Confidential Documents Reveal CCP’s Manipulation of Public Opinion on CCP Virus Outbreak

After the outbreak in Wuhan, China, the Chinese Communist Party (CCP) has been tightly covering up the truth about the epidemic from top to bottom. The U.S. media obtained a large number of classified documents showing that the CCP began restricting information about the outbreak in early January.

The New York Times Chinese website reported on Dec. 19 that it had obtained thousands of confidential instructions and other documents from the Chinese government. The documents reveal in detail how the Internet Information Office helped the Communist Party authorities shape online public opinion during the epidemic.

The newspaper reported that the CCP’s Internet Information Office began controlling information about the outbreak in the first week of January. A directive from the agency asked news sites to use only government caliber and not to compare the outbreak to the deadly SARS epidemic that emerged in China and elsewhere in 2002, even though the World health Organization had pointed out the similarities.

In early February, Xi Jinping called for tighter management of digital media at a high-level meeting, and offices of the Communist Party’s Internet Information Office across the country moved to control not only domestic information but also to “positively influence international public opinion.

The Communist Party instructed that “headlines such as ‘incurable’ and ‘fatal’ should not be used to prevent social panic. Another directive stated that the term “blockade” should not be used when reporting on restrictions on movement and travel. Several directives emphasized that negative news about the virus should not be publicized.
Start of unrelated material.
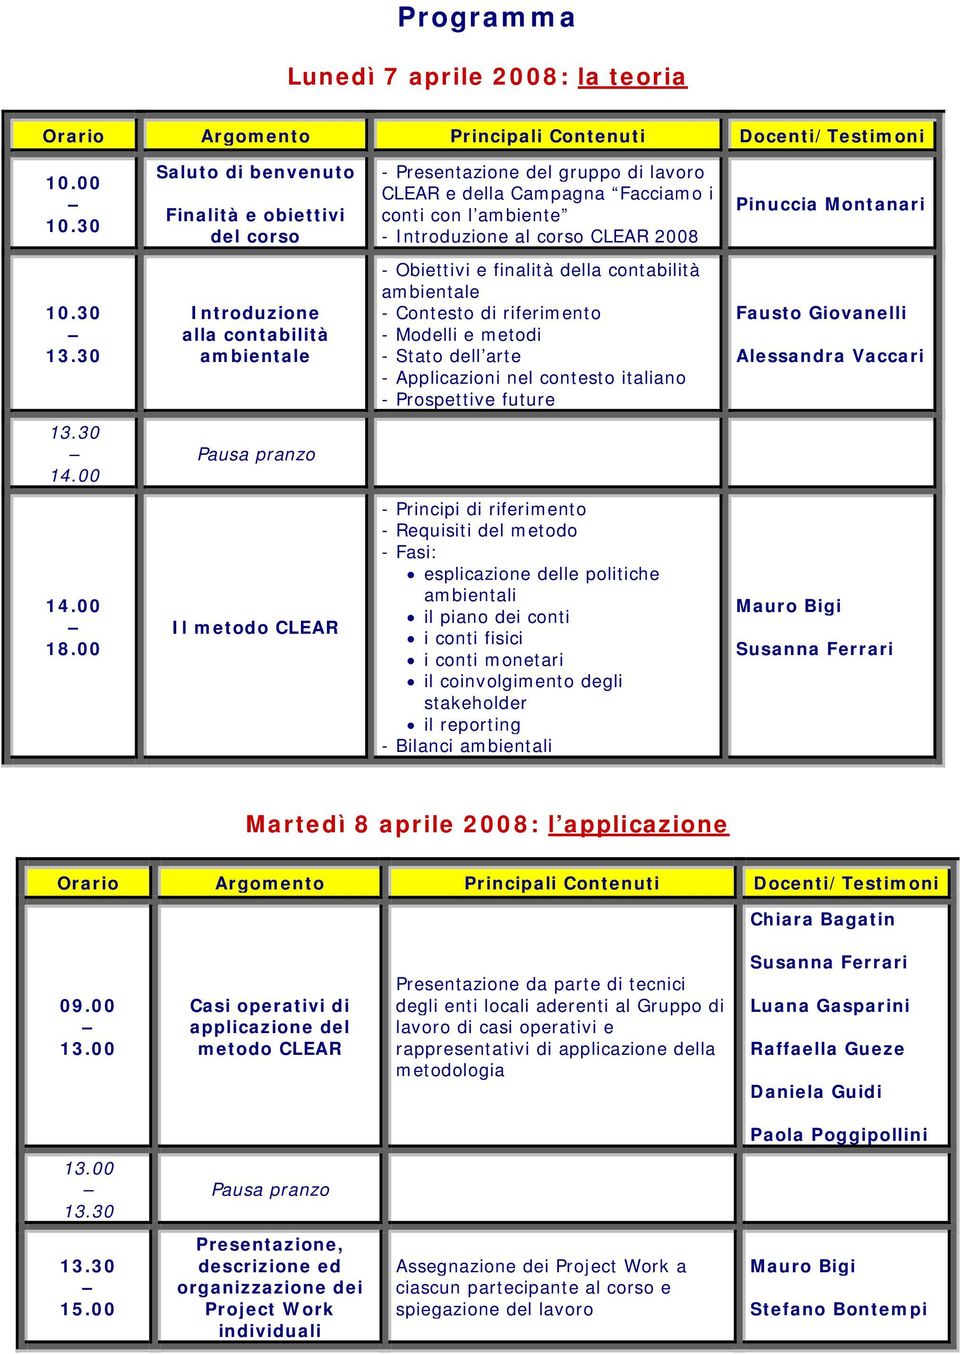 10.30 Introduzione alla contabilità ambientale - Obiettivi e finalità della contabilità ambientale - Contesto di riferimento - Modelli e metodi - Stato dell arte - Applicazioni nel contesto italiano

When the outbreak broke out in prisons, the Communist Party’s State Internet Information Office asked its local Internet Information Offices to monitor the matter closely to prevent “drawing attention from outside the country,” among other things.

When overseas donations of medical supplies were made to China, the CCP instructed the mainland media to avoid creating the “false impression” that the CCP “relies on foreign donations.
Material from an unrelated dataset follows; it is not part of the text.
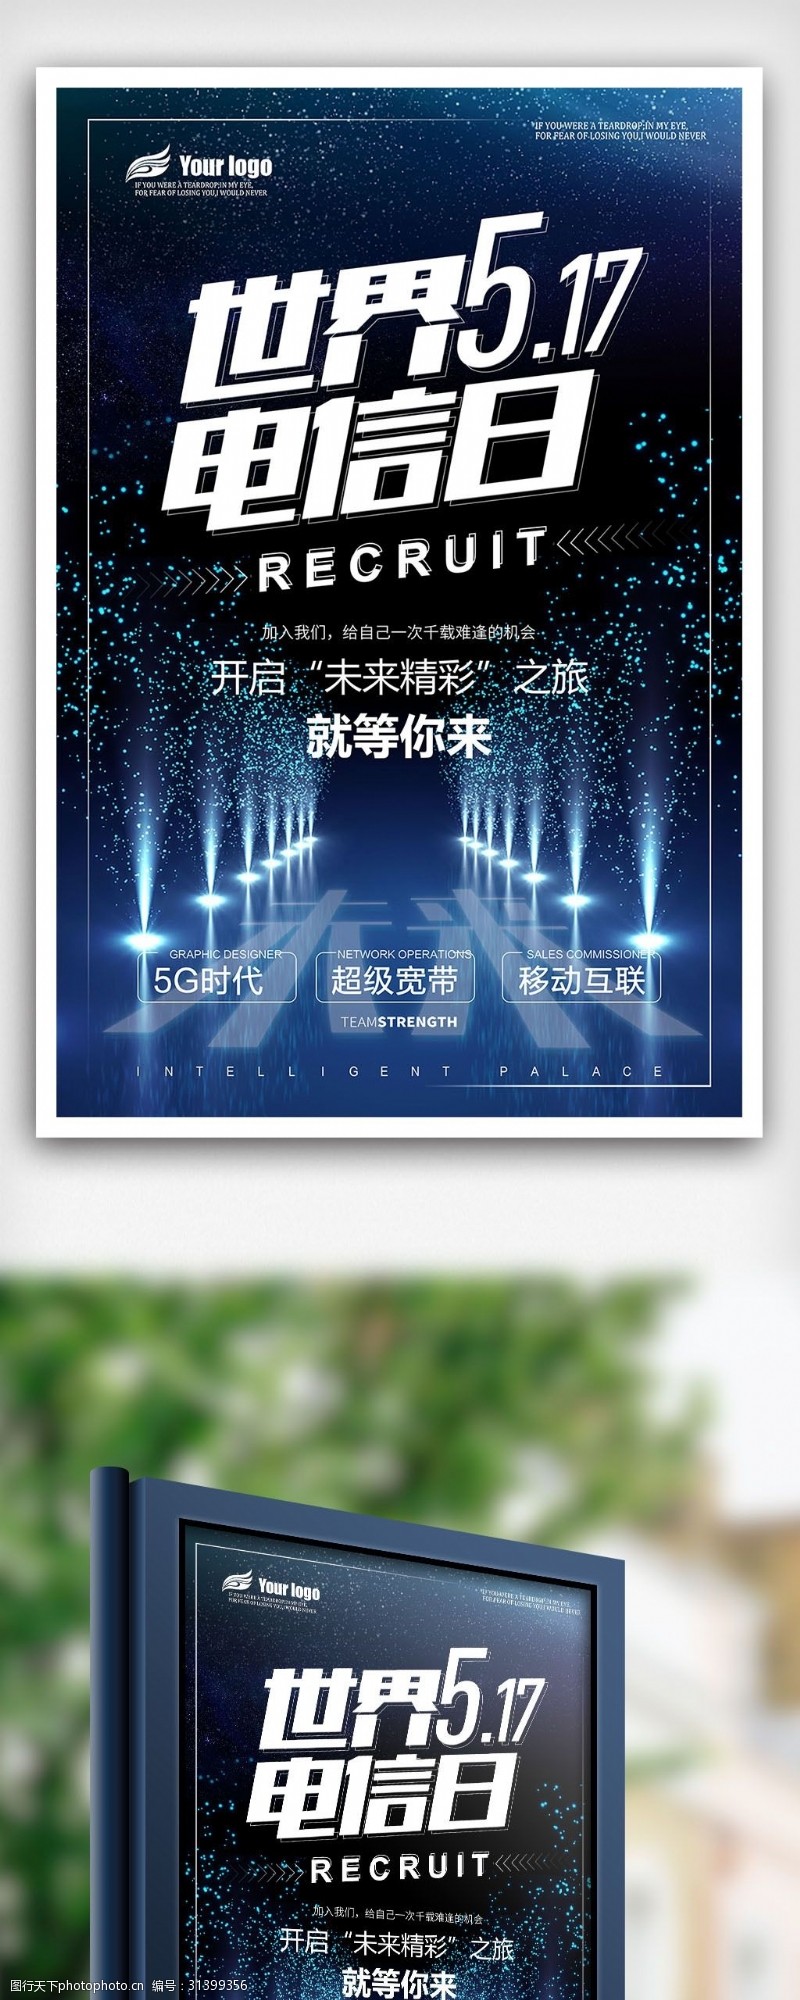 2018年创意酷炫世界电信日宣传海报设计PSD格式

When whistle-blower Li Wenliang died in Wuhan on the night of Feb. 6, it sent emotions spilling out and put social media in danger of falling out of the control of the Internet Information Office.
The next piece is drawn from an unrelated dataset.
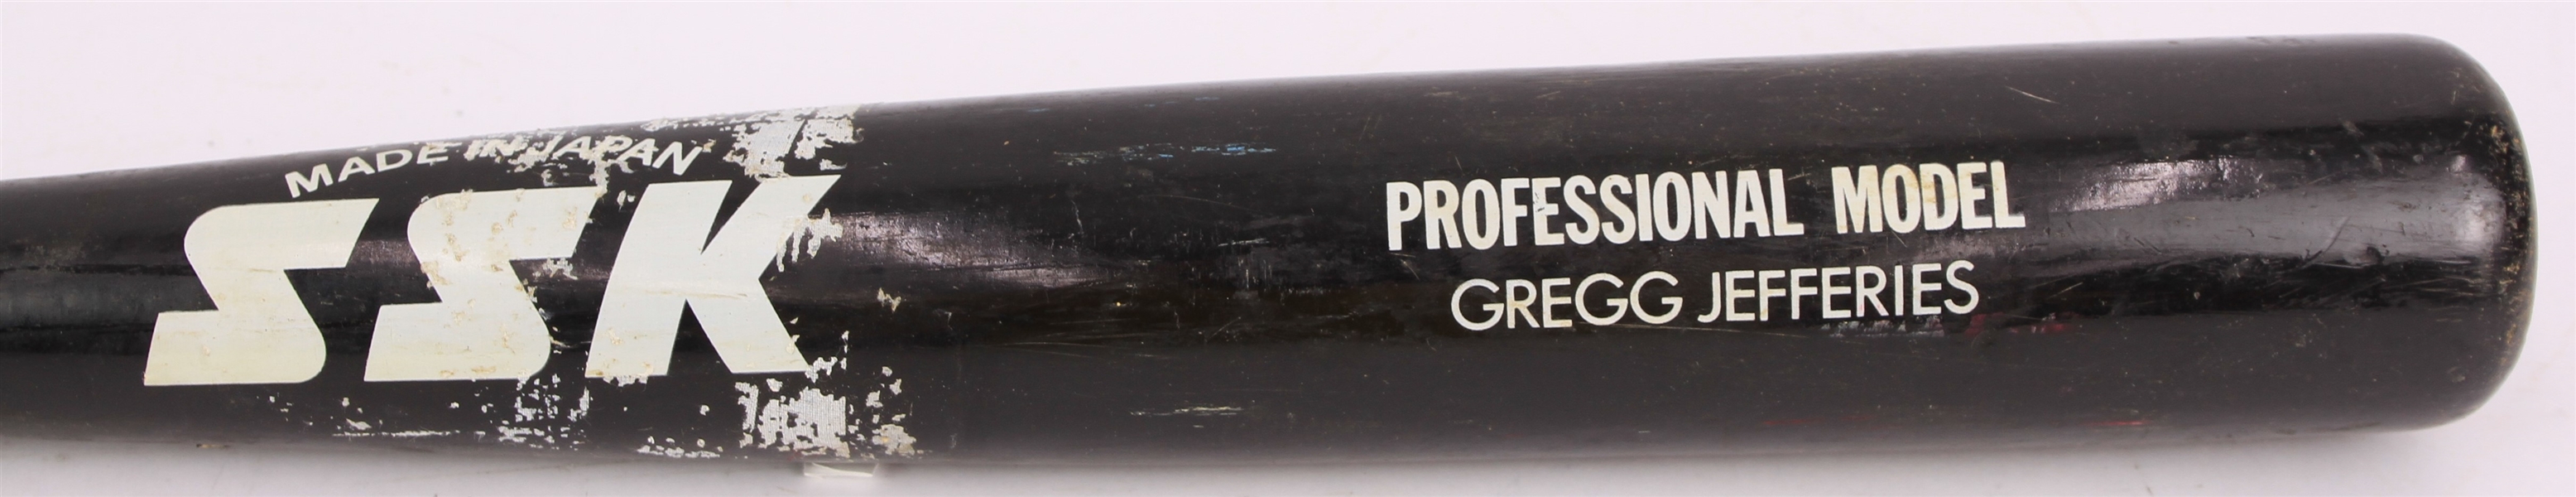 1987-89 Gregg Jefferies New York Mets SSK Professional Model Game Used Bat (MEARS LOA/Mets Employee LOA)

The report said the Chinese Communist Party’s censorship apparatus has intensified. Its secret instructions to local propagandists and news organizations warned that Li Wenliang’s death posed an “unprecedented challenge” that could trigger a “butterfly effect” and that officials must work to suppress negative news and regain control of the discourse.

They ordered news sites not to send push notifications of Li’s death to readers. They asked social media platforms to gradually remove Li Wenliang’s name from their trending topics pages. They also unleashed a large number of fake online commentators to flood social media sites with distracting remarks and stressed the need to act with caution: “In the struggle to guide the process, online commentators should be careful to conceal their identities, refrain from any form of low-level red or high-level black, and reflect the effect of moistening the battlefield.”